Aired: May 16, 2019 | Transcript+ Subscribe to this podcast
In the aftermath of the shooting at the Chabad of Poway synagogue, questions have been raised about what could have been done to prevent the attack.
San Diego Sheriff Bill Gore told reporters his department was reviewing a "manifesto" allegedly posted by the suspect on an online message board called 8chan. It's the same website that was allegedly used by a suspect charged with murdering 50 people at two mosques in New Zealand in March.
On the last day of Passover celebrations last month, a gunman entered a synagogue in Poway, opened fire and killed a 60-year-old woman. He injured three others, including a young girl. According to authorities, the suspected shooter had no criminal record and no prior interactions with law enforcement.
8chan says it welcomes users to the "darkest reaches of the internet" and promotes freedom of speech above all else. It is filled with neo-Nazi and anti-Semitic posts, and sometimes calls for violence against Jews and racial minorities.
Law enforcement officials say they face many challenges in monitoring potentially violent extremists online mainly because of the vastness of the internet and also because of the issue of First Amendment rights, making it hard to stop extremists from carrying out their plans.
FBI special agent Darrell Foxworth said many violent extremists nowadays are self-radicalized through the internet.
"They go on the internet and identify social media sites, chat rooms, things of that nature and they start ... digesting this internally," he said. "Then they find some reason to identify with these groups and take violent actions against others."
Foxworth said federal law enforcement agents will sometimes monitor chat rooms when they are involved in specific investigations.
"Everything they do is based on the law, they're not going to break the law to enforce it," he said. "So they're going to make sure they have a court order or a lawful authority that's going to allow you to do that, and usually that means that you're going to have to be involved in some sort of intelligence collection or investigation."
That monitoring usually happens at the federal level. When a specific threat is identified, the agency involved in the investigation will pass that information on to their regional field offices, who then work in cooperation with a local law enforcement agency.

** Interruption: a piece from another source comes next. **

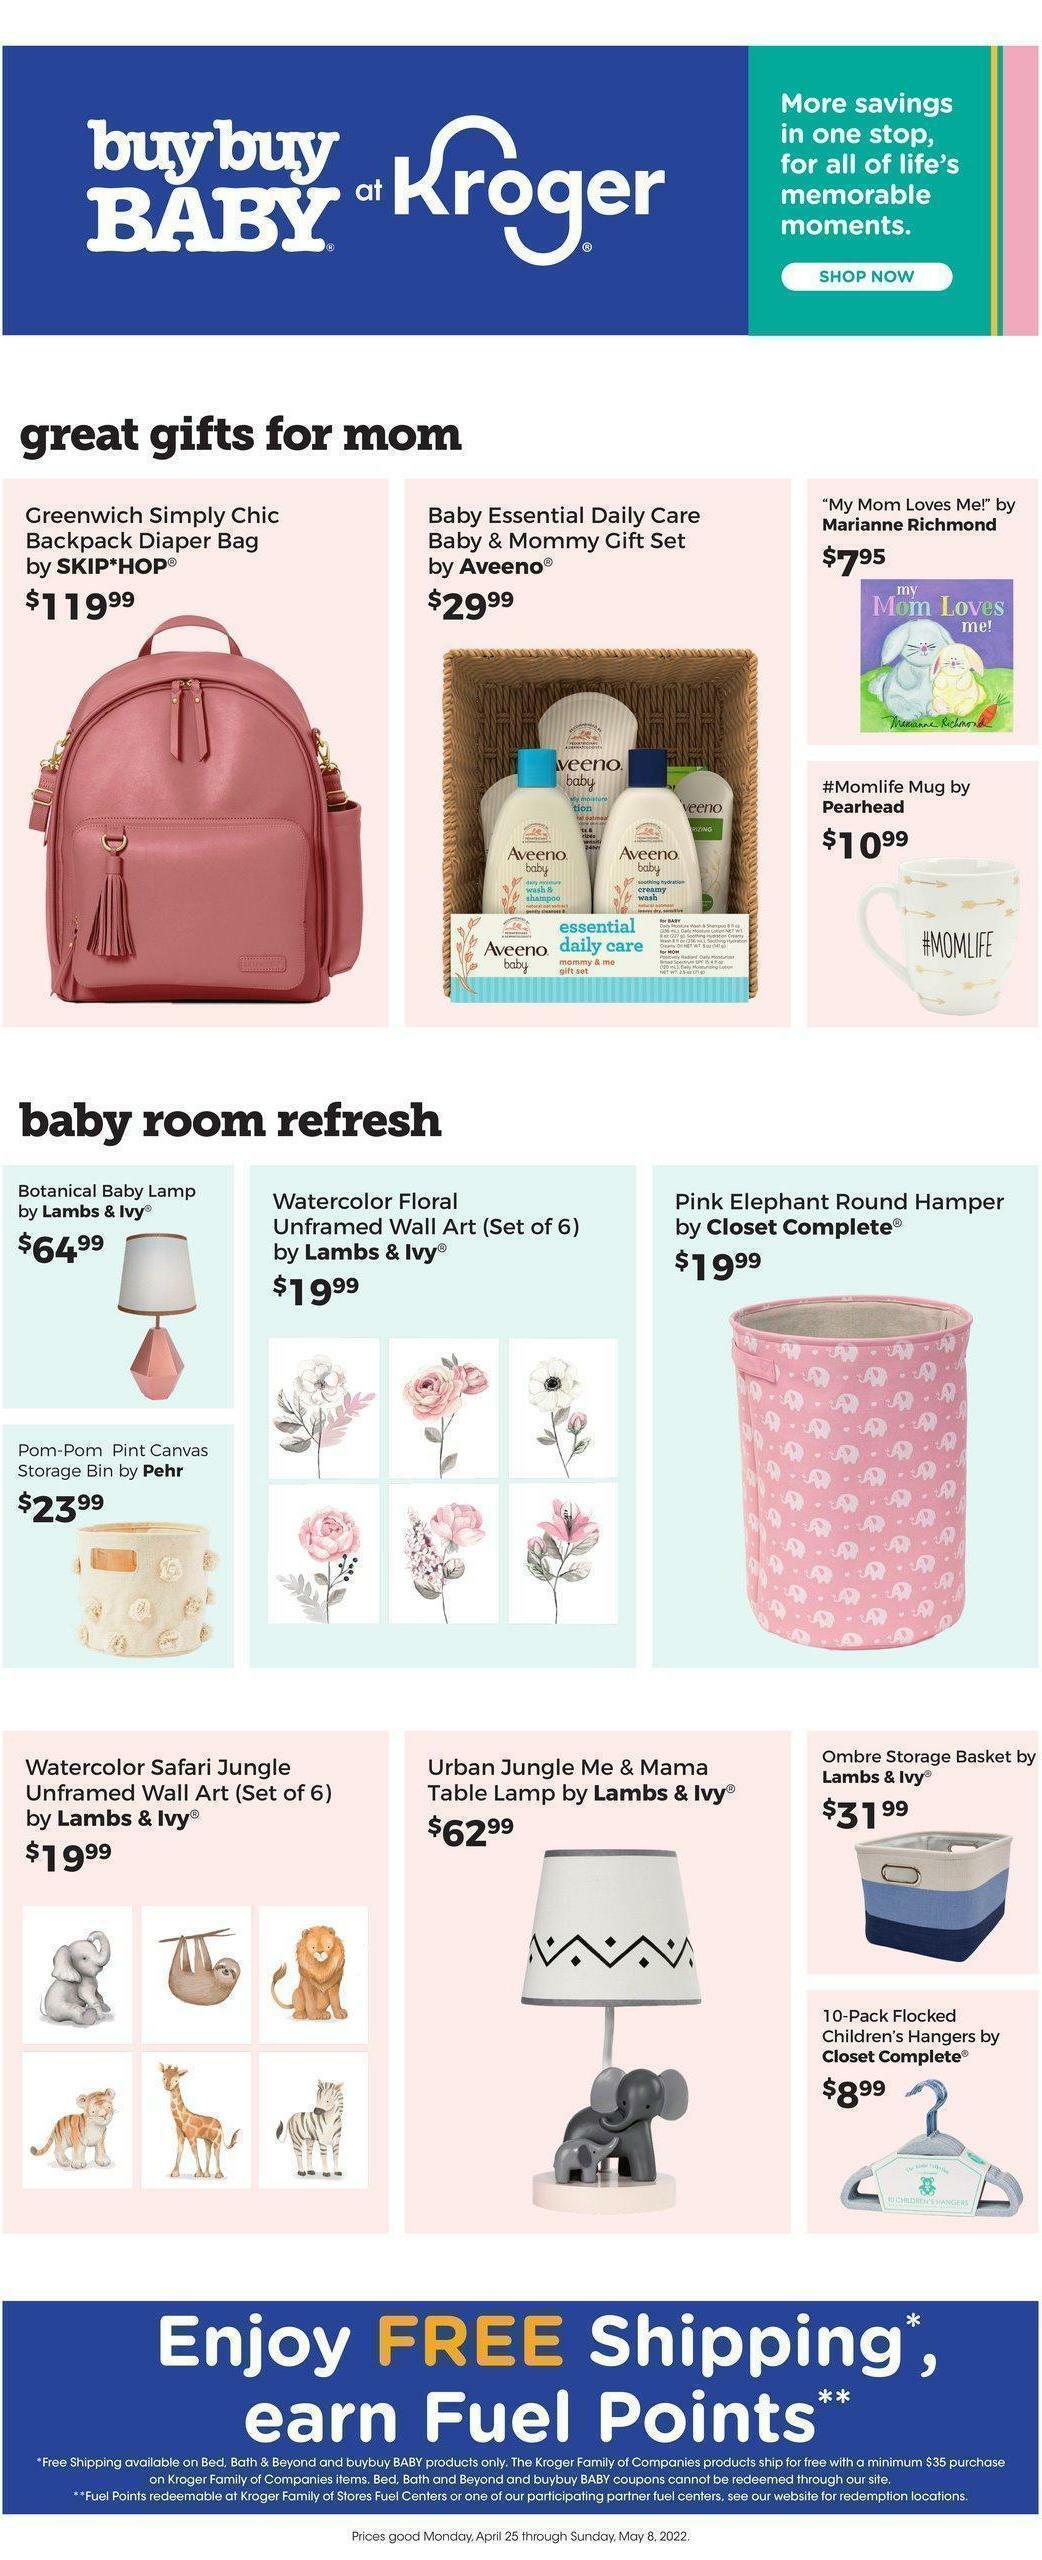 Kroger Bed, Bath & Beyond Weekly Ad from April 25

Lt. Shawn Takeuchi, a spokesman for the San Diego Police Department, said it is extremely difficult for local law enforcement to proactively monitor the internet for potential threats.
"Oftentimes we'll rely on our federal partners for that," he said. "With the internet, we don't know where that information is coming from. If that threat is made in another state and it's coming across state lines, then it's going to be very, very difficult for us to investigate."

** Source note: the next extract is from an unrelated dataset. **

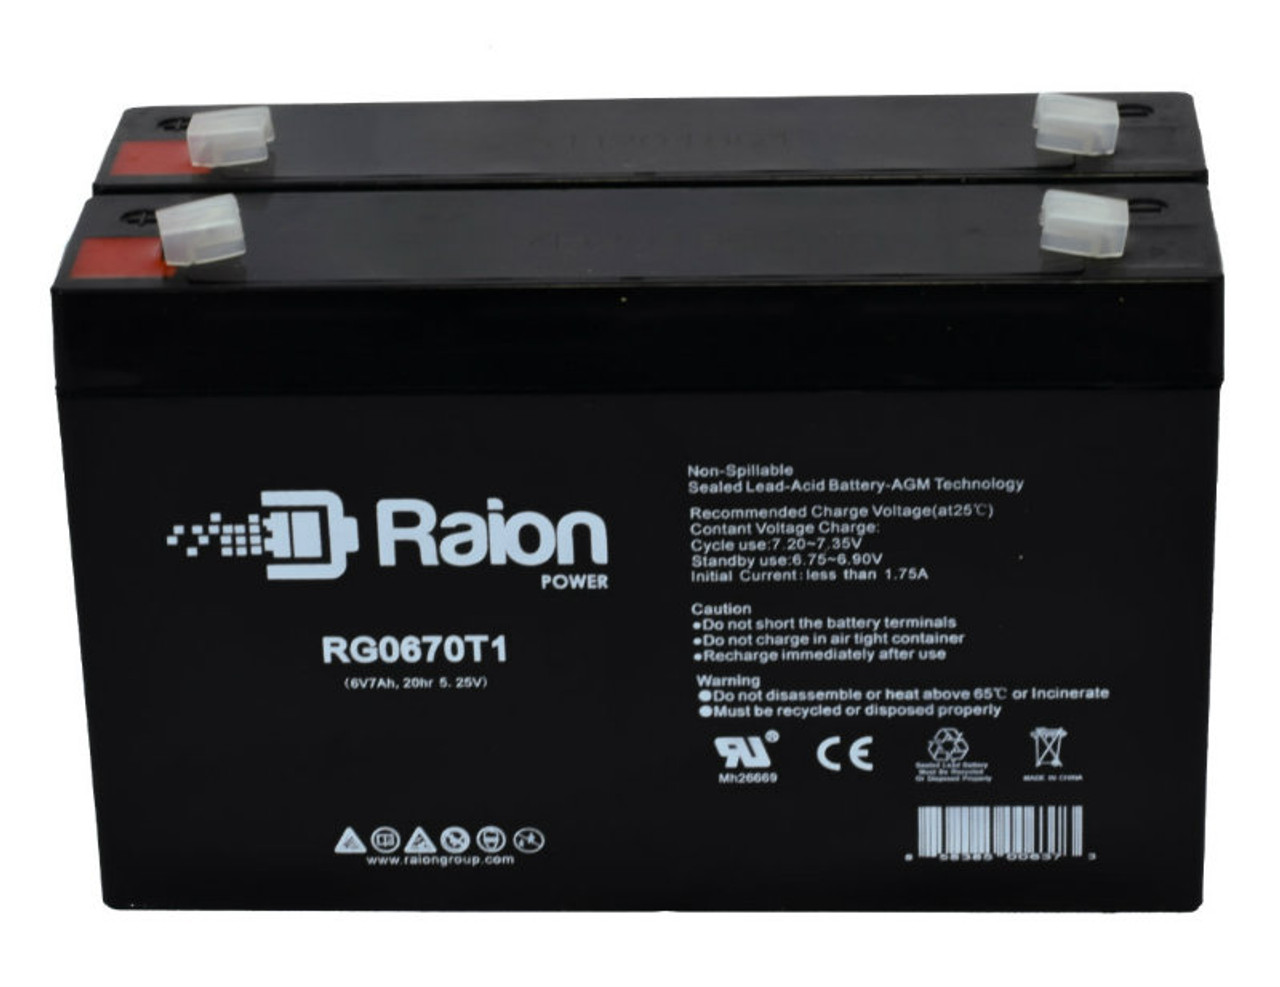 Raion Power RG0670T1 6V 7Ah Replacement Emergency Light Battery for Dual Lite 0120824 - 2 Pack

Takeuchi said another challenge is identifying whether a threat on the internet is criminal and credible or if it could be protected by freedom of speech.

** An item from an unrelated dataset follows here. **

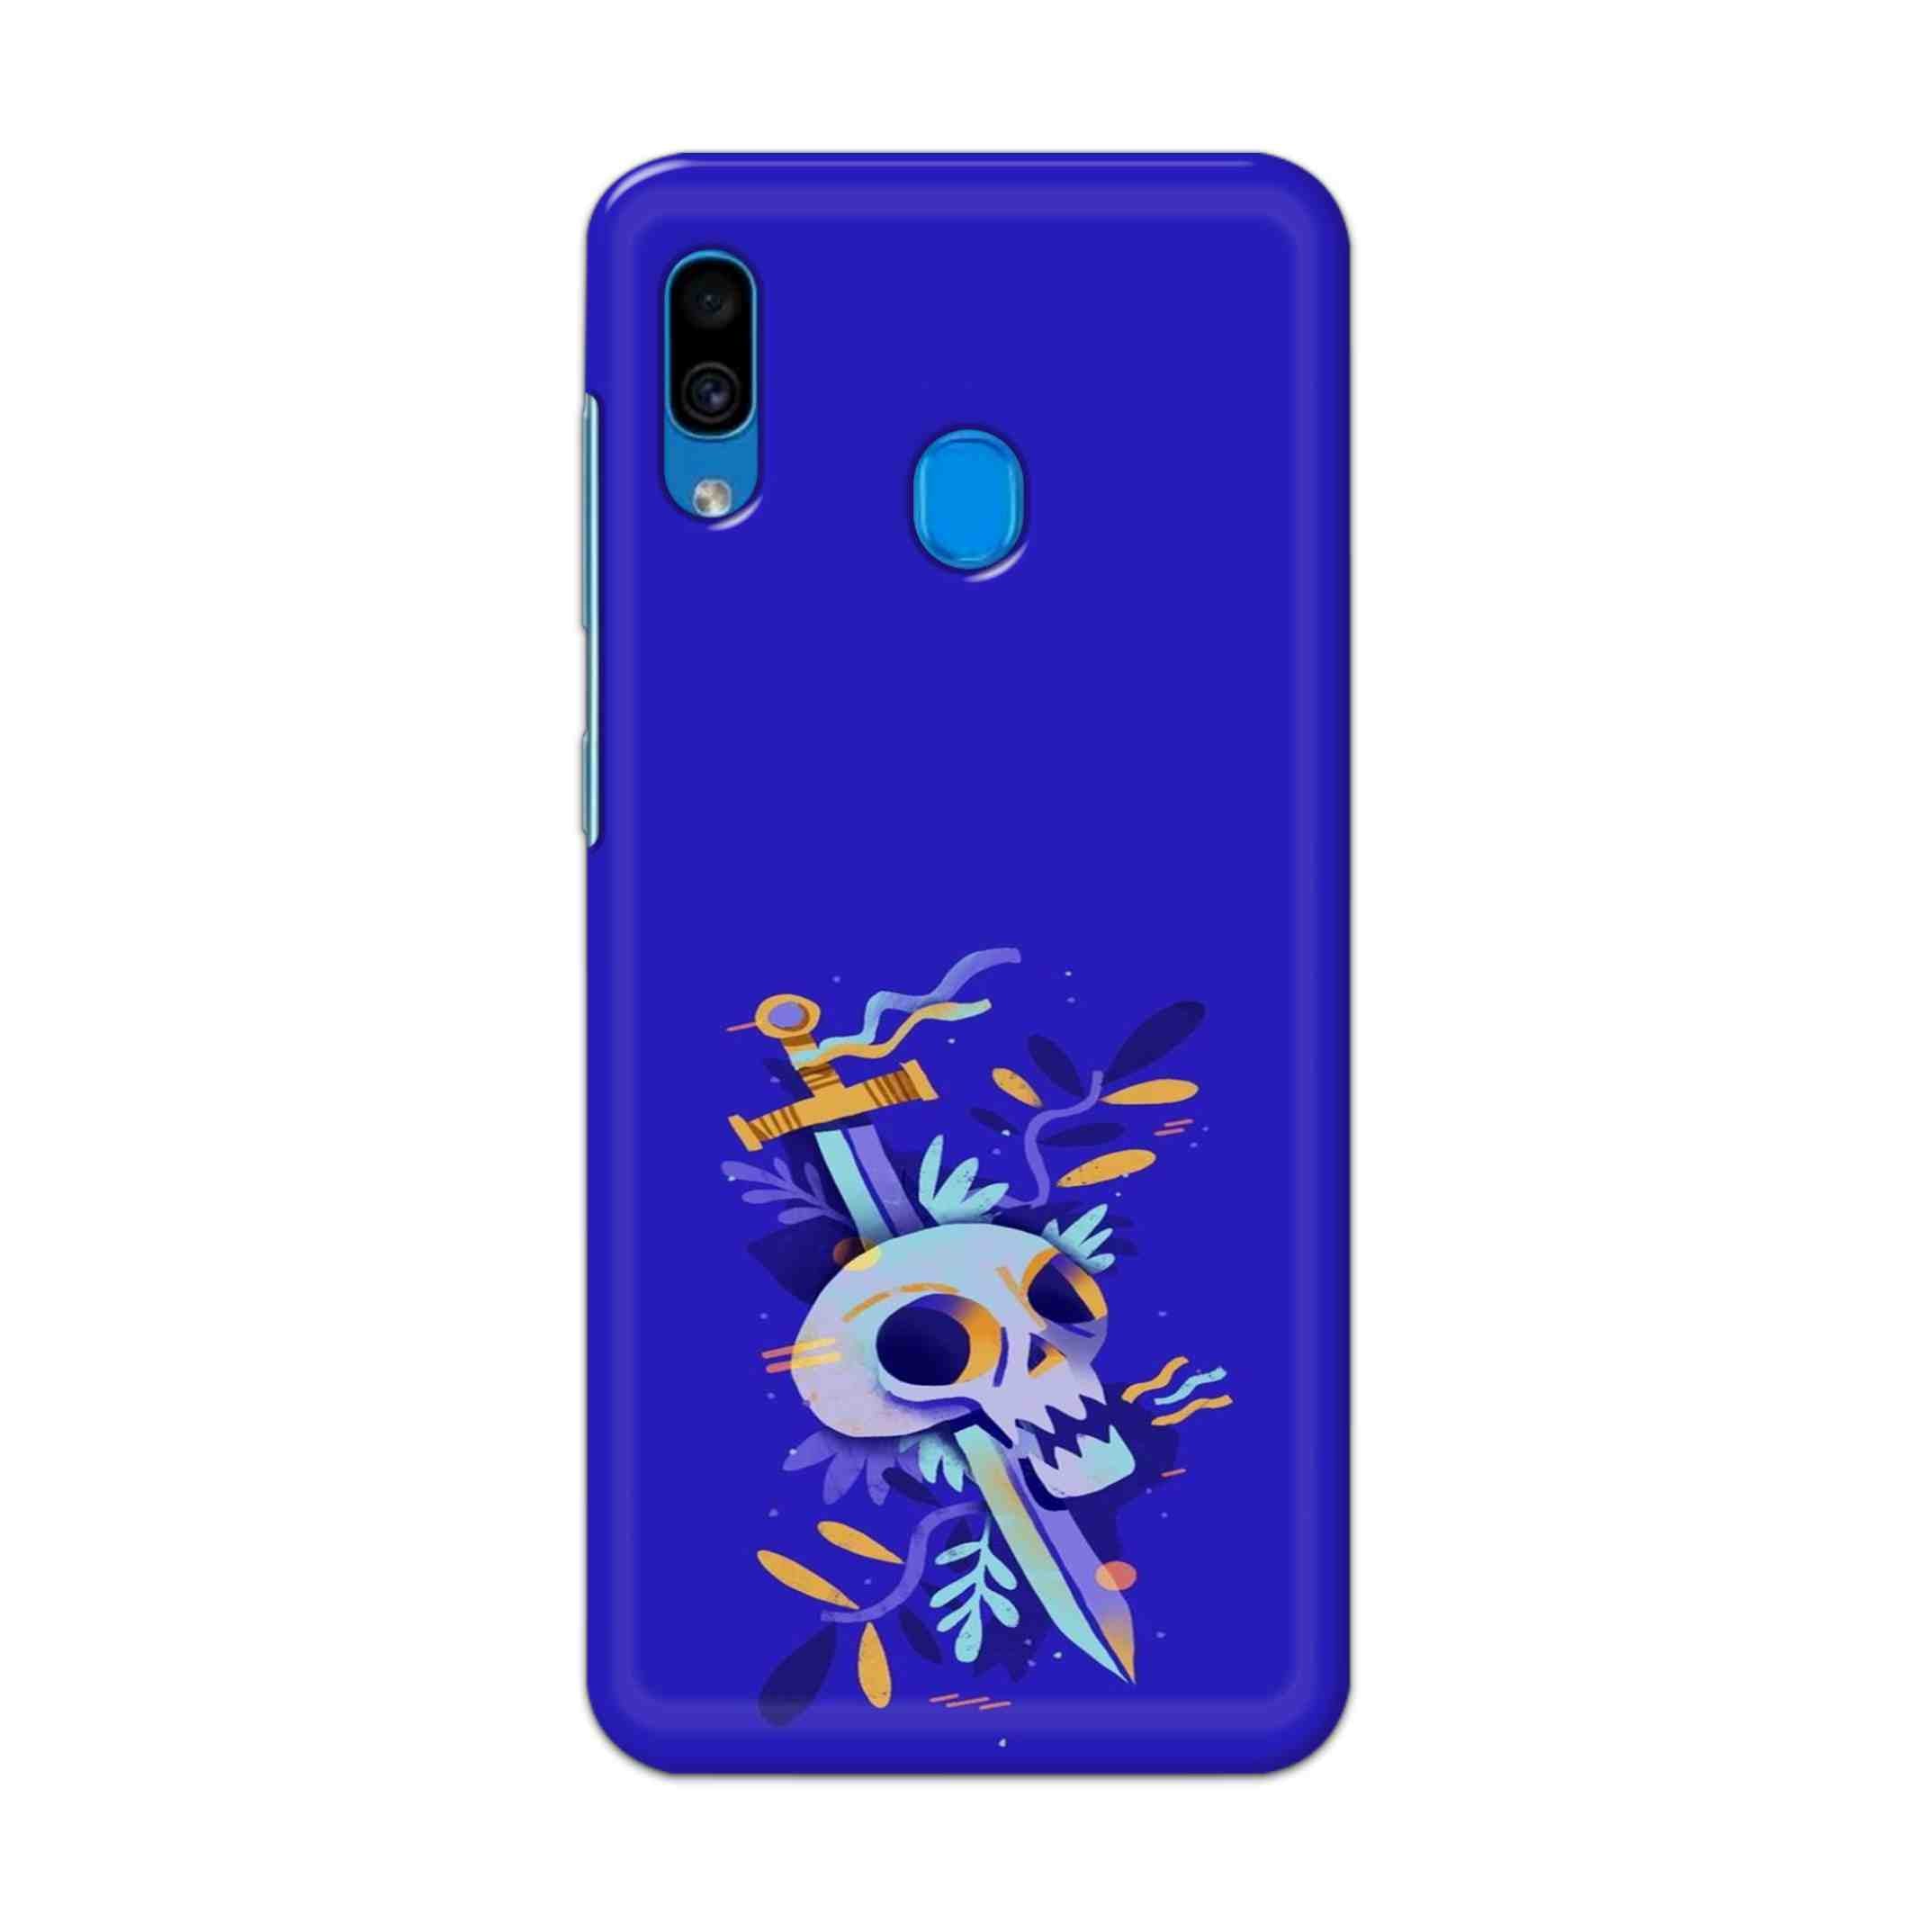 Buy Blue Skull Hard Back Mobile Phone Case Cover For Samsung Galaxy A30 Online

"We have the Bill of Rights and Freedom of Speech, so in this country we have the ability to say things that we want to say without fear of prosecution, without fear of government intervention," he said.
The California Penal Code defines criminal threats as a willful threat to commit a crime that will result in death or bodily injury to another person. The threat can be made in writing, verbally or by electronic communication.
Mark Heckman, a cybersecurity professor at the University of San Diego, said those threats have become more difficult to track nowadays because of encryption services and private chat rooms. Extremists are constantly coming up with new methods of avoiding detection, he said, and law enforcement is constantly trying to counter those methods.
"Any tool that can be used for good can also be used for evil," he said.
Heckman added that finding a balance between monitoring the internet for public safety purposes and maintaining privacy is an ongoing debate.
"Perfect privacy and perfect security I think are both impossible," he said.
Federal authorities have charged the suspect in the Poway shootings with 109 counts of hate crimes including setting fire to a mosque in Escondido. He also faces state charges of murder and attempted murder.